Некоторое время слушатели оторопело молчали, словно не могли поверить в счастливый конец. Потом как-то все разом начали двигаться и говорить. Семен оказался в плотной толпе: его пихали, обнимали, хлопали по плечам и тыкали в лицо разнокалиберные посудины с пивом, словно именно он лично победил нечистую силу. Чтобы как-то выбраться из неловкой ситуации, Семену пришлось-таки опустошить пару ковшиков. Правда, при этом половину содержимого он вылил себе на грудь («Гадство, рубаху стирать придется!»).
Постепенно внимание публики переключилось на старейшин и жбан с пивом, так что артист смог выбраться на свободу. В пределах освещенного пространства Пита не обнаружилось. Семен некоторое время постоял в темноте, давая глазам привыкнуть к слабому свету ущербной луны, и приступил к поискам между хижин, изо всех сил стараясь не угодить в выгребную яму или помойку. В конце концов он чуть не упал, споткнувшись о неподвижное тело. Питекантроп лежал поперек тропы и спал. При помощи пинков и неприличных слов Семен его разбудил, заставил принять почти вертикальное положение и двигаться. Пришлось идти с ним в обнимку, не давая падать. Дело оказалось нелегким, поскольку волосатый детинушка был на голову выше Семена и, наверное, вдвое тяжелее.

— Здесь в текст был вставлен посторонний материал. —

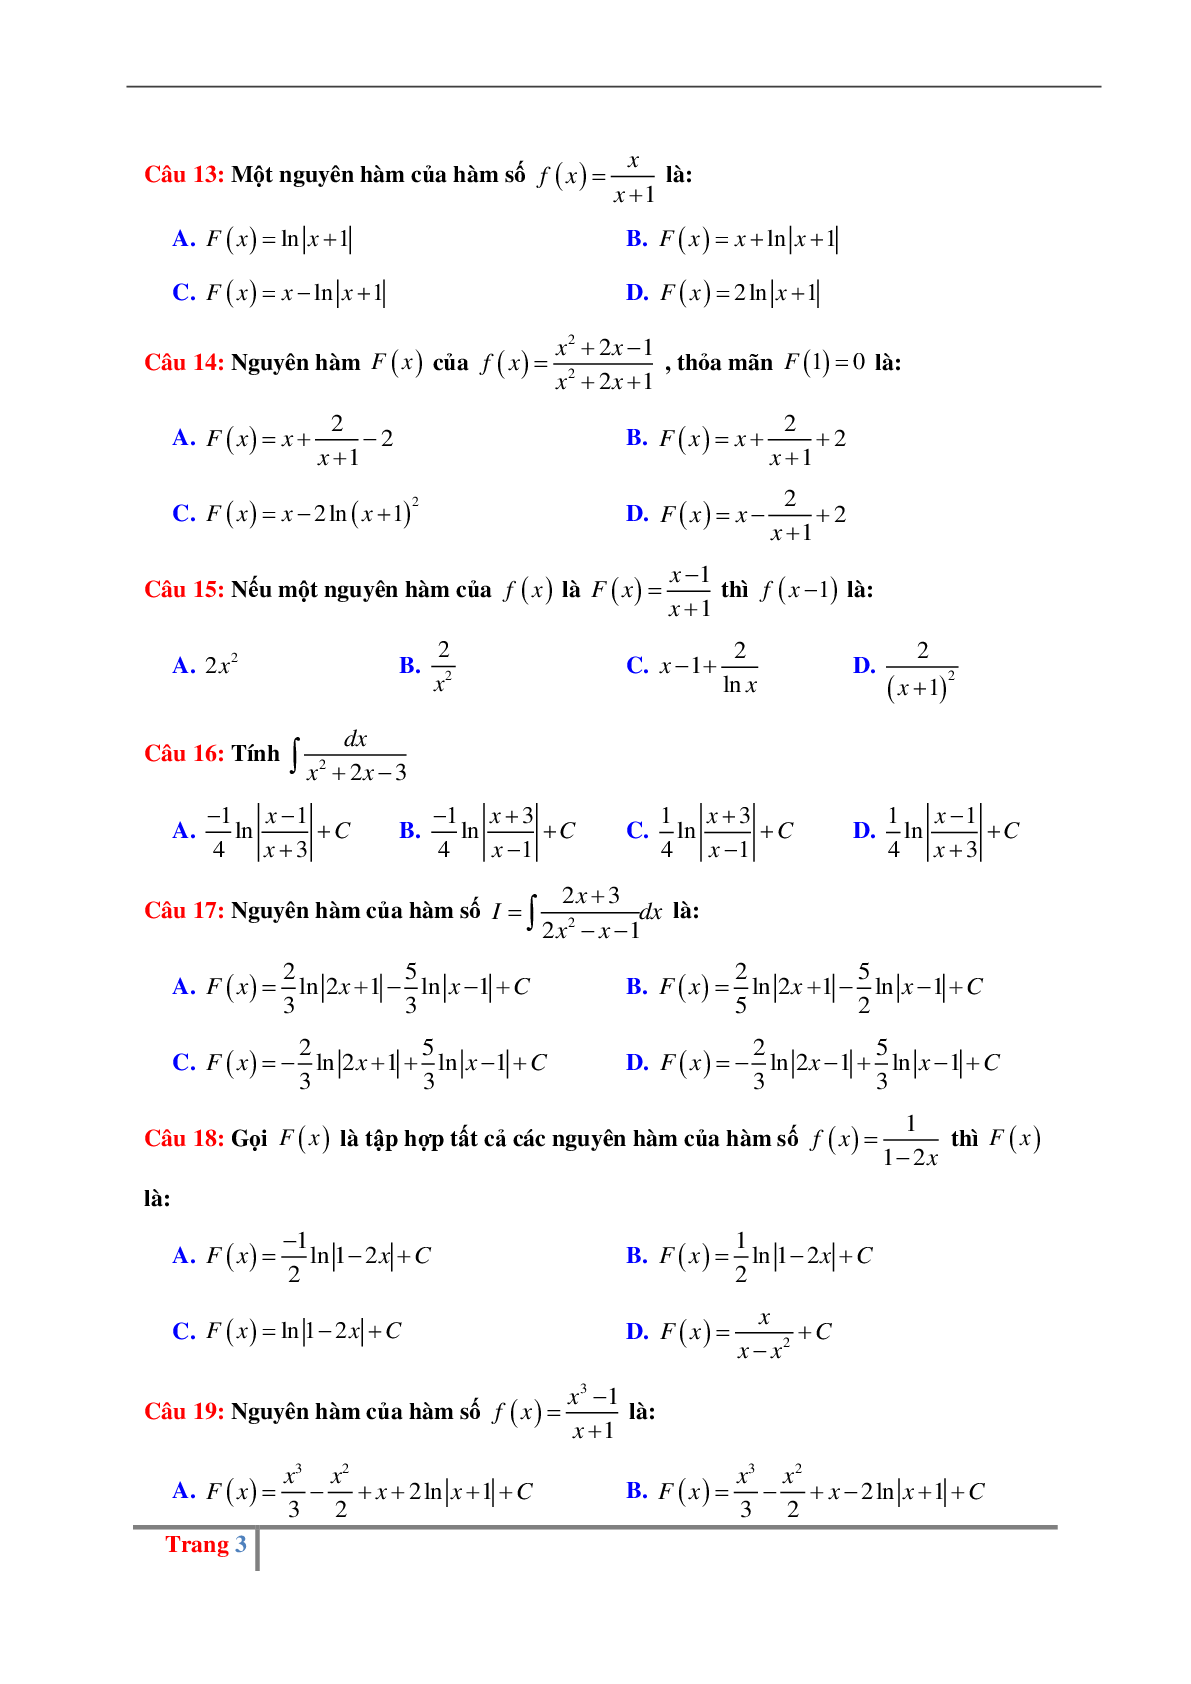 Các dạng bài tập về Nguyên hàm hữu tỉ có đáp án (trang 3)

Задачу поводырь поставил самую простую и реальную – убраться из деревни как можно дальше.
Луна то скрывалась за облаками, то вновь появлялась, красноватые пятна костров и пьяный людской гомон за спиной постепенно отдалялись. В конце концов Семен ощутил под ногами некое подобие тропы и решил с нее не сворачивать, благо ведет она куда-то в сторону леса. Километра через полтора-два он почти выбился из сил и пару раз чуть не подвернул ногу на корнях, торчащих поперек дороги. Зато Пит слегка оклемался и смог двигаться почти без посторонней помощи. Луна окончательно скрылась, лес вокруг сделался довольно густым, и видимость сократилась почти до нуля. Семен в очередной раз налетел на какую-то корягу, пребольно ушиб палец на ноге и решил остановиться на первой же поляне – утро вечера, а тем более ночи, мудренее. Поляна вскоре обнаружилась – тропа прямо на нее и вывела. Здесь кустов не было, а торчали какие-то довольно толстые пни разной высоты и странной формы. Семен сошел с тропы и принялся ощупью выбирать место для лежки – чтоб было сухо и не очень жестко. Пит ему не помогал, а бессмысленно шарахался в темноте туда-сюда и нечленораздельно мычал. На Семена же напали апатия и безразличие ко всему: недосып у него накопился изрядный, и к тому же он пережил мощный выплеск нервной энергии – хорошо хоть, сразу не отрубился! В общем, Семен ощупью нагреб груду какой-то мягкой лесной трухи, лег на нее и отключился, невзирая на комаров и ночную прохладу.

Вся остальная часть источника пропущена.